--- ENTRIES SUPPLIED ---

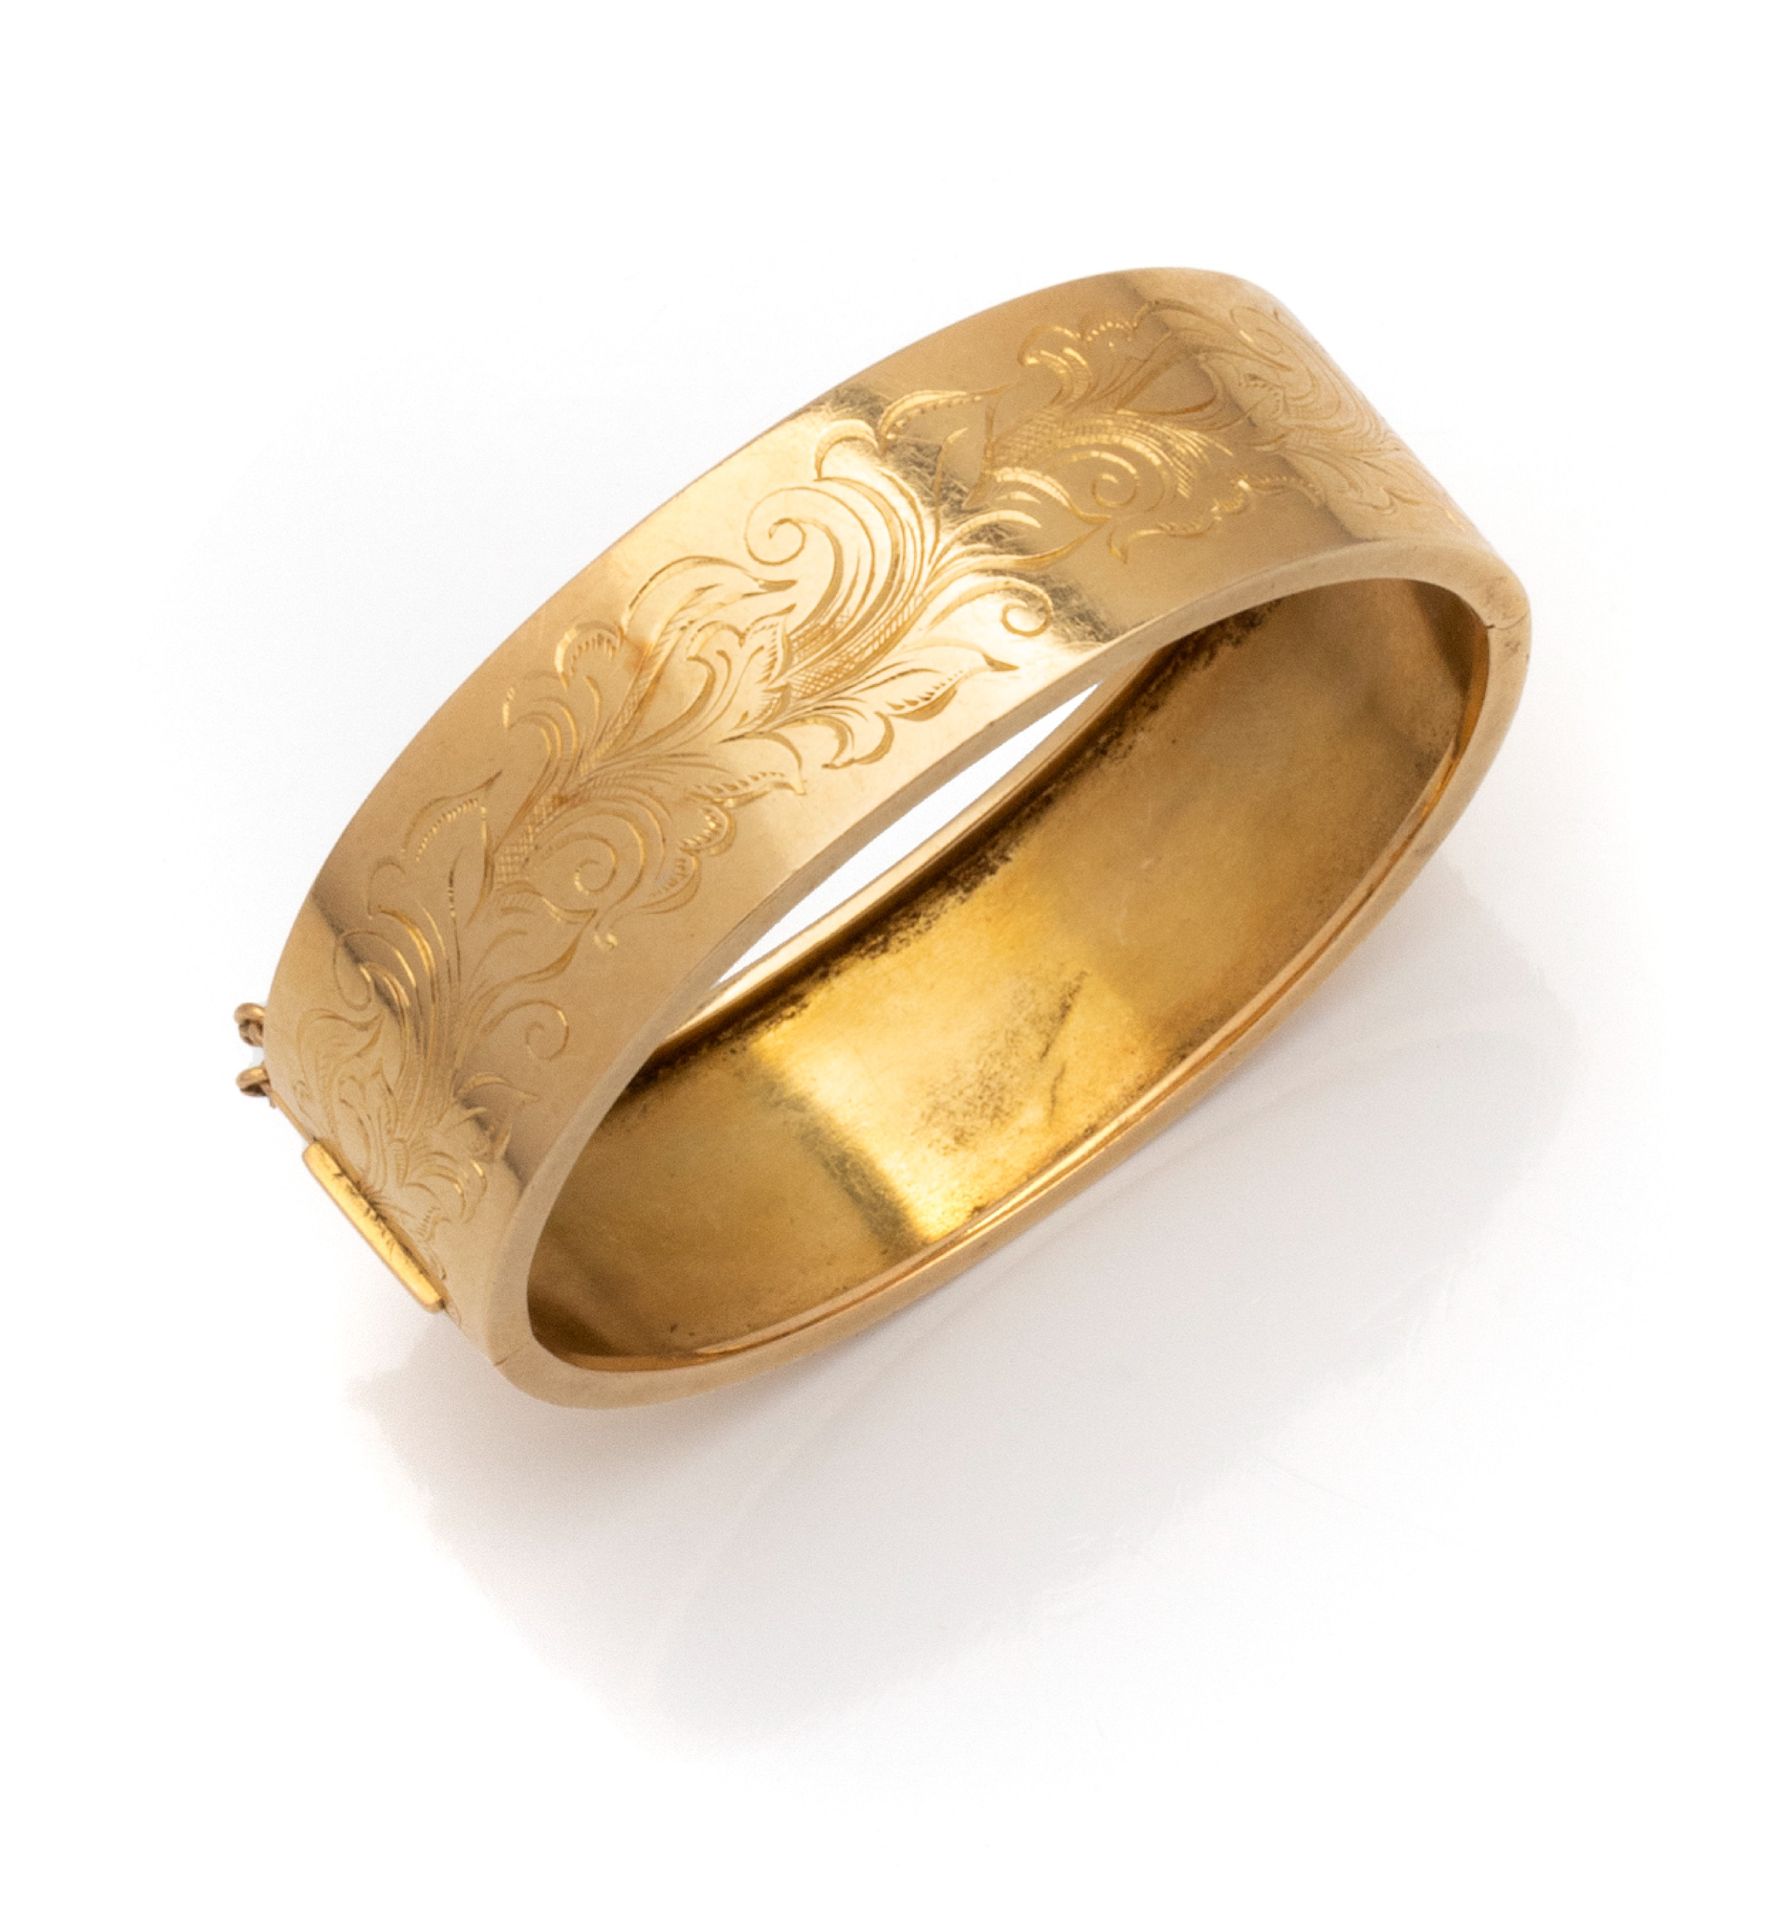 Null 18K（750/1000）黄金刚性开口手镯，刻有叶子和小叶子的装饰。

棘轮扣

法国省级作品，20世纪下半叶。

印记：G-hame-M

手腕尺寸&hellip;
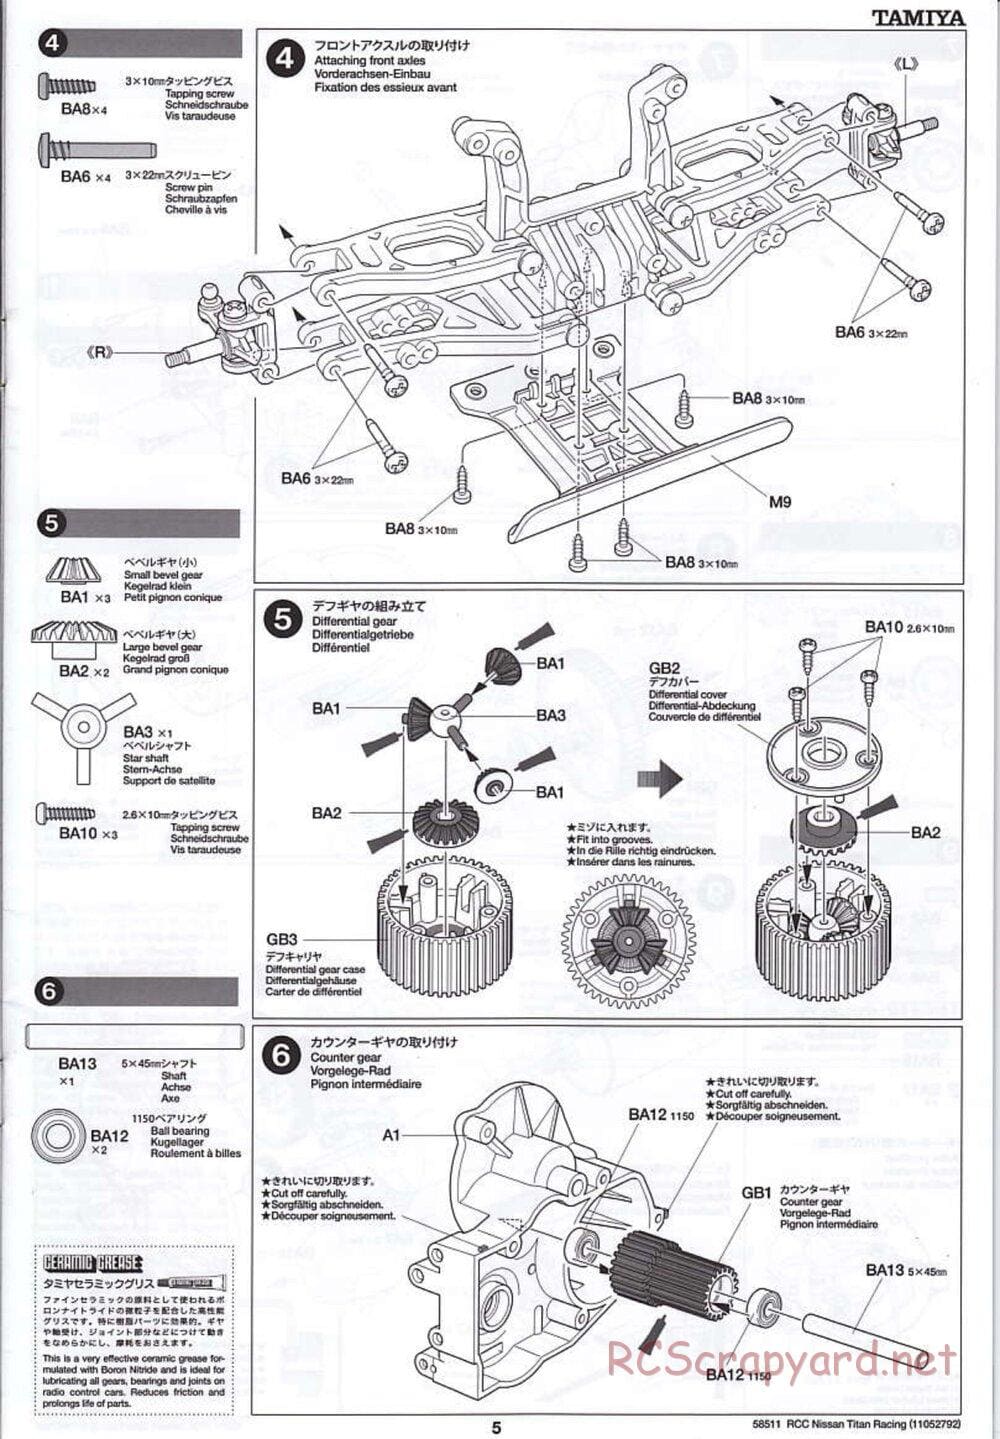 Tamiya - Nissan Titan Chassis - Manual - Page 5

---

> [INSTRUCTIONS TO FOLLOW] Could you repeat exactly the lines from the one containing "手腕尺寸&hellip;" through the last line of the records, both included, without the pictures?

> [ANSWER SPACE]
手腕尺寸&hellip;
 Tamiya - Nissan Titan Chassis - Manual - Page 5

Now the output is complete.